Addiction should be a matter, primarily, for the Chief of Medicine rather than the Chief of Police. While internationally renowned for its social kindness, Canada has not been without its share of disgraceful political mistakes in the not too distant past. Regrettably, there are many shameful events in Canada that have unfolded in the name of public policy including the banishment without medical treatment of Chinese Canadians living with leprosy to die on D'Arcy and Bentinck Islands in British Columbia while European Canadians stricken similarly enjoyed healthcare on the mainland as well as the eternally haunting treatment of people of aboriginal ancestry who were without full voting privileges in some parts of Canada until 1965 and abandoned to encampments, reserves, that paralleled South African apartheid. In due course, these public policies have come to be understood as horrific in retrospect. Many have all met with a remorseful fate where a future Prime Minister is held to public account for the sad excesses of an earlier generation. With respect to North America's only supervised injection facility (SIF), a medical program aimed at reducing fatal overdoses and infections (HIV, HCV) in injection drug users, Canada's Prime Minister Stephen Harper holds the ability to forestall a similarly heartrending fate in his political hands. The SIF currently has a temporary exemption from Canada's "Controlled Drugs and Substances Act" in order to operate until June of 2008. As such, the fate of the SIF is politically determined each time behind closed doors by the Prime Minister and his ministers.
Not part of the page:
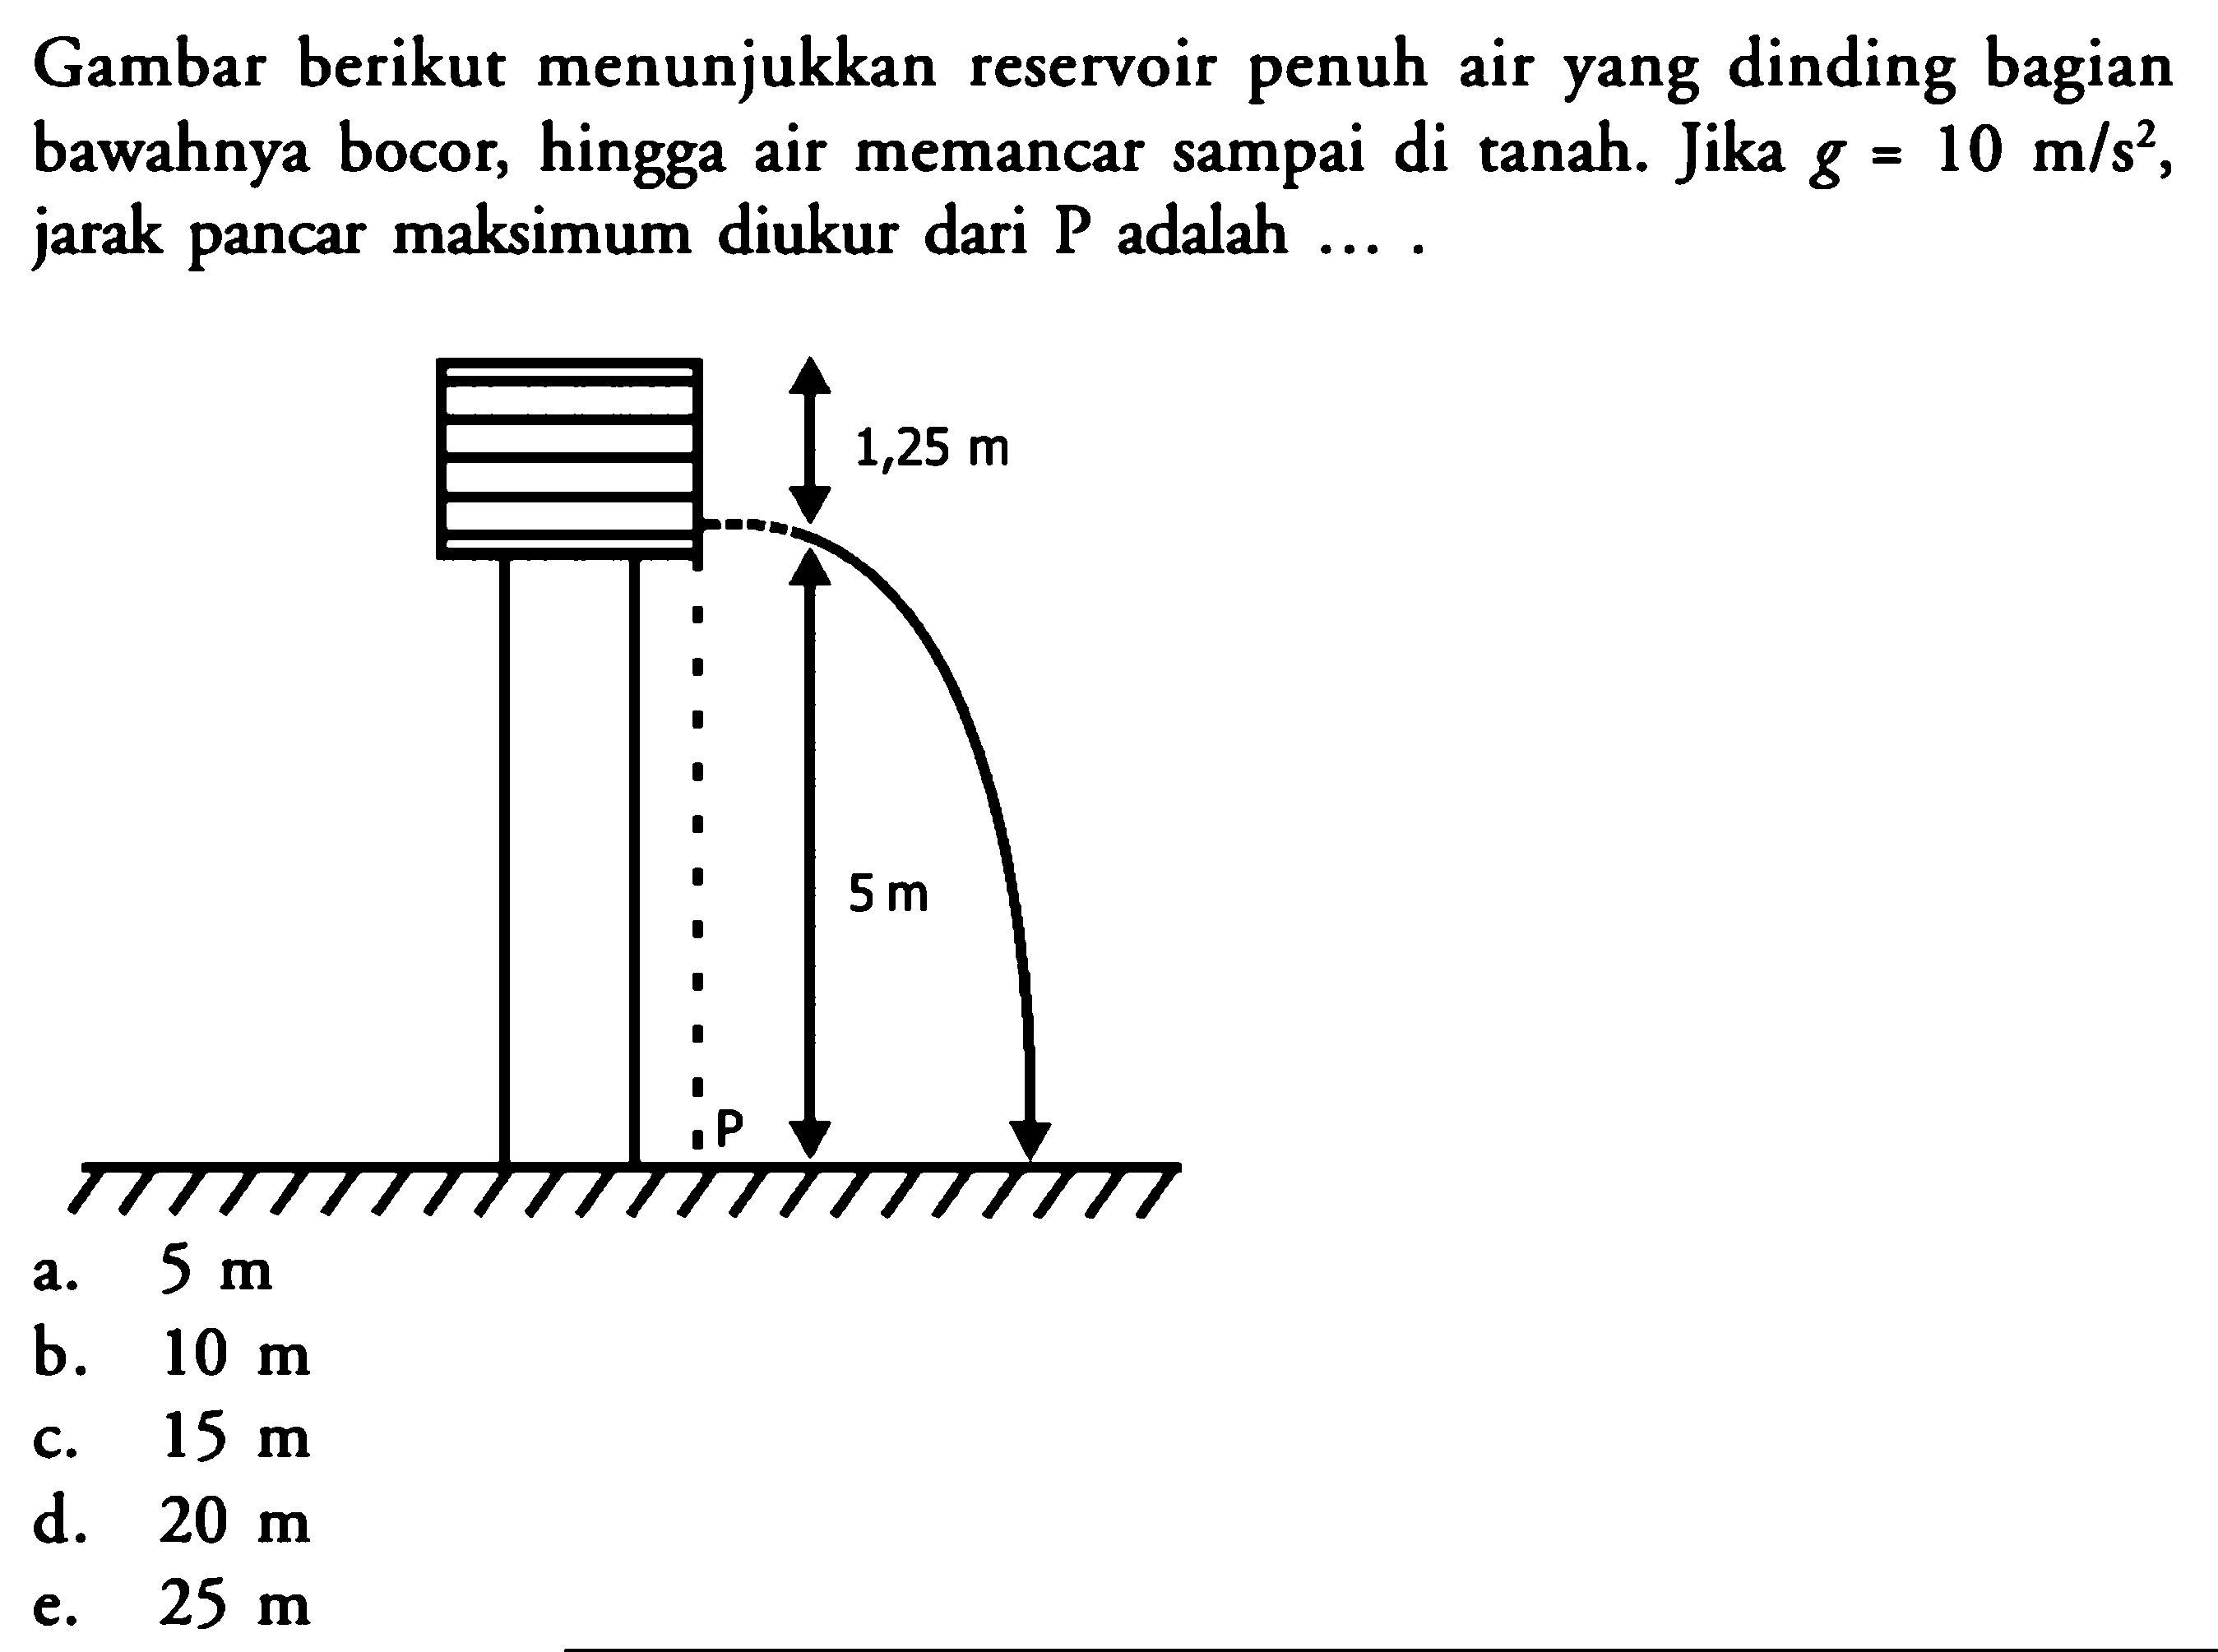 Gambar berikut menunjukkan reservoir penuh air yang dinding bagian bawahnya bocor, hingga air memancar sampai di tanah. Jika  g=10 m / s^(2) , jarak pancar maksimum diukur dari  P  adalah ....

Sadly, the Prime Minister appears lost at present, content to ignore the scientific and medical evidence on the matter of population health. In light of the vast medical evidence accumulated on Vancouver's SIF, the fate of injection facilities needs to be taken out of the political realm entirely. I am hoping that the Prime Minister will be found, see the light of the scientific evidence, and lead the way towards to provision of a permanent medical exemption for injection facilities from Canada's Controlled Drugs and Substances Act (CDSA). In so doing, the Prime Minister would be on the brink of grace and would rescue a life saving health program from perpetual political interference.
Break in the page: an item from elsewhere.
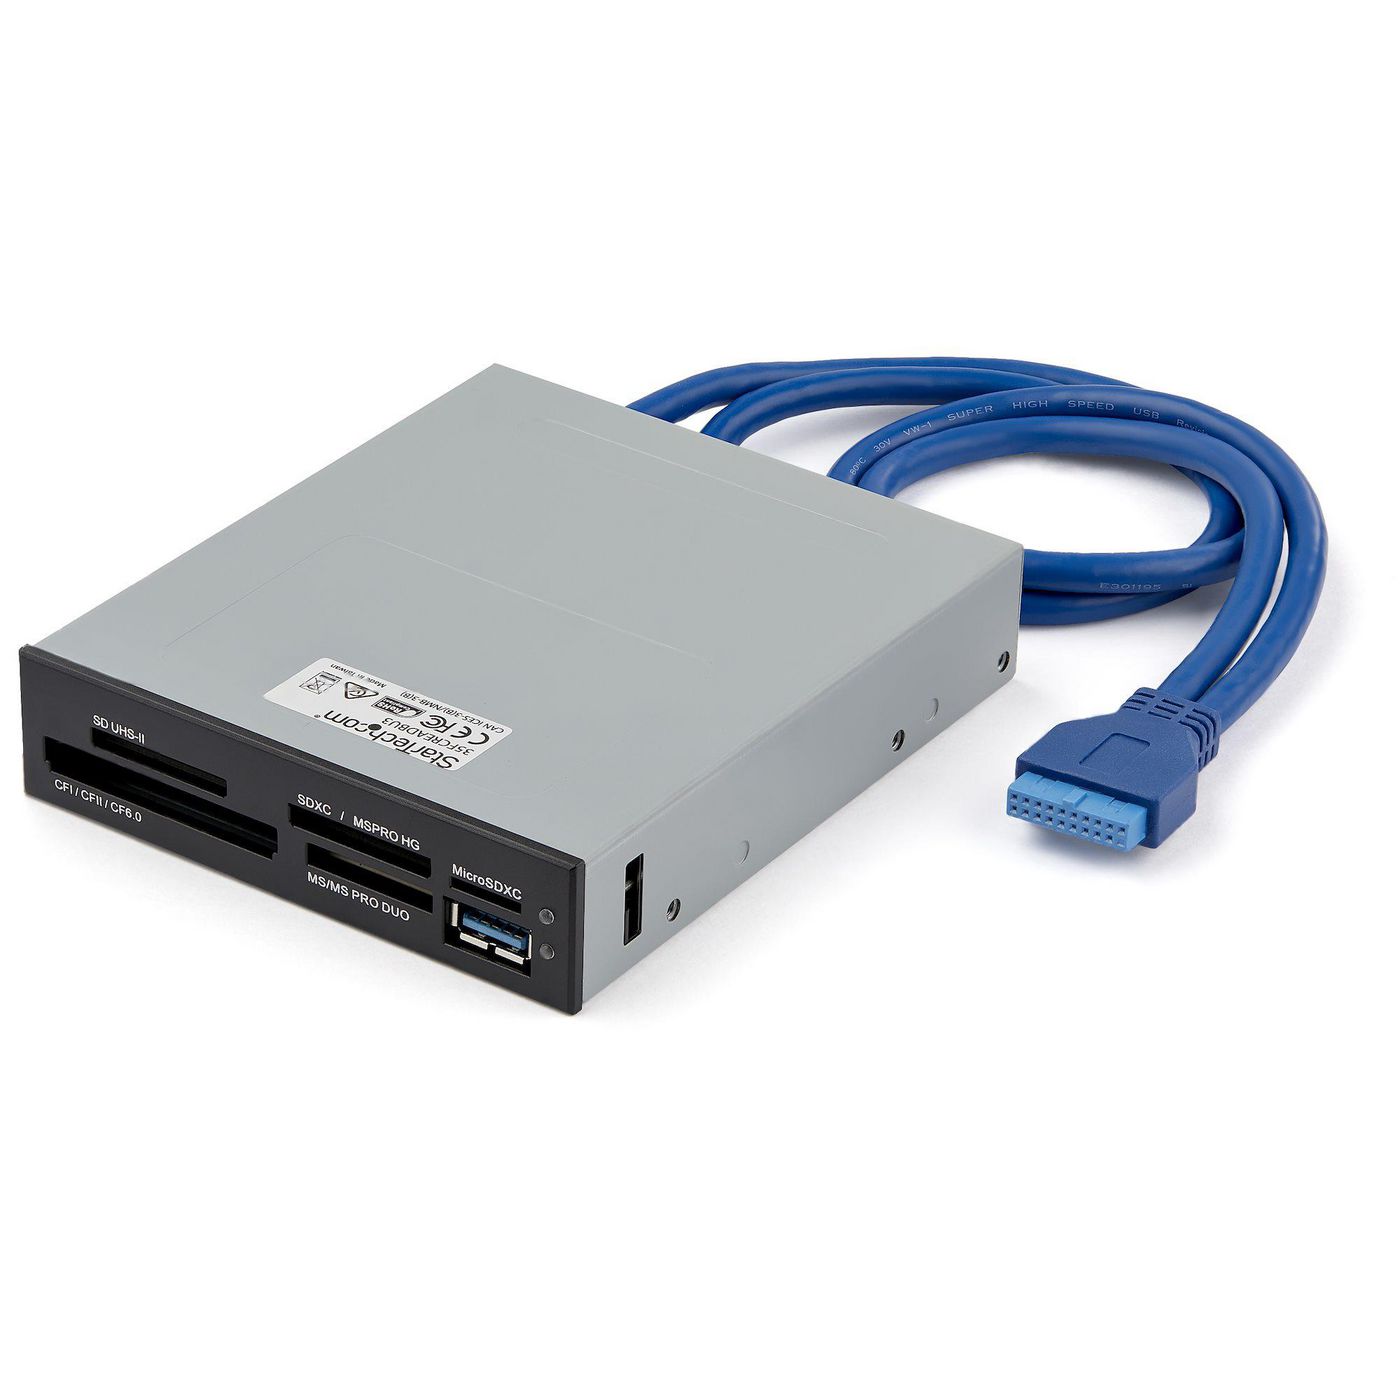 STARTECH.COM USB 3.0 interner Kartenleser mit UHS-II Unterstützung - SecureDigital/Micro SD/MemorySt

Amazing grace, how sweet the sound

That saved a wretch like me!

I once was lost, but now am found

Was blind, but now I see.

It was grace that taught my heart to fear,

And grace my fears relieved;

How precious did that grace appear,

The hour I first believed!

(John Newton, 1 January 1773)[1]

Introduction

25 March of 2007 marked the 200th anniversary of the abolition of the slave trade in Britain [2]. The words for Amazing Grace were written by John Newton inspired by an epiphany on 21 March 1748 during a terrible storm aboard the ship Greyhound as he returned from the Plantain islands off the coast of West Africa after working as a land-based slave trader [3]. Recalling the near death experience during the storm some twenty-five years earlier when he had pleaded for the mercy of God, Newton, now a Christian Minster, penned the hymn to accompany a sermon. The now famous hymn was sung for the first time on New Years day in 1773 the very morning that it was written by the angst ridden minister [4]. Sadly, slavery has still not entirely left the world as millions of individuals are still forced into compulsory or oppressive labour even today [5].

When addiction is treated as a crime rather than as a healthcare matter, psychosocially wounded people are forced into conflict with the law. The criminalization of addiction comes at terrible price with the years of life lost due to incarceration for non-violent drug offences estimated to be equivalent to 100,000's of deaths in North America [6]. The far reaching consequences of addiction throughout much of the world has resulted in many thousands deaths due to fatal overdoses and HIV infections that still haunt us 25 years after the discovery of AIDS. North America's only Supervised Injection Facility (SIF) is an important innovation for curbing fatalities due to overdose, HIV and HCV and yet this healthcare program still faces the threat of political closure in June of 2008 by Canada's Prime Minister Stephen Harper. The motivation for such a closure would ignore the accumulated science and medical evidence associated with the program and would be purely political. It would result in unnecessary suffering and death of the most vulnerable citizenry. Like the anguished slave trader John Newton turned believer, who was lost before he was found, so, too, has the Canadian Prime Minister Stephen Harper lost his way. But we are still hopeful that he, too, will be found in time.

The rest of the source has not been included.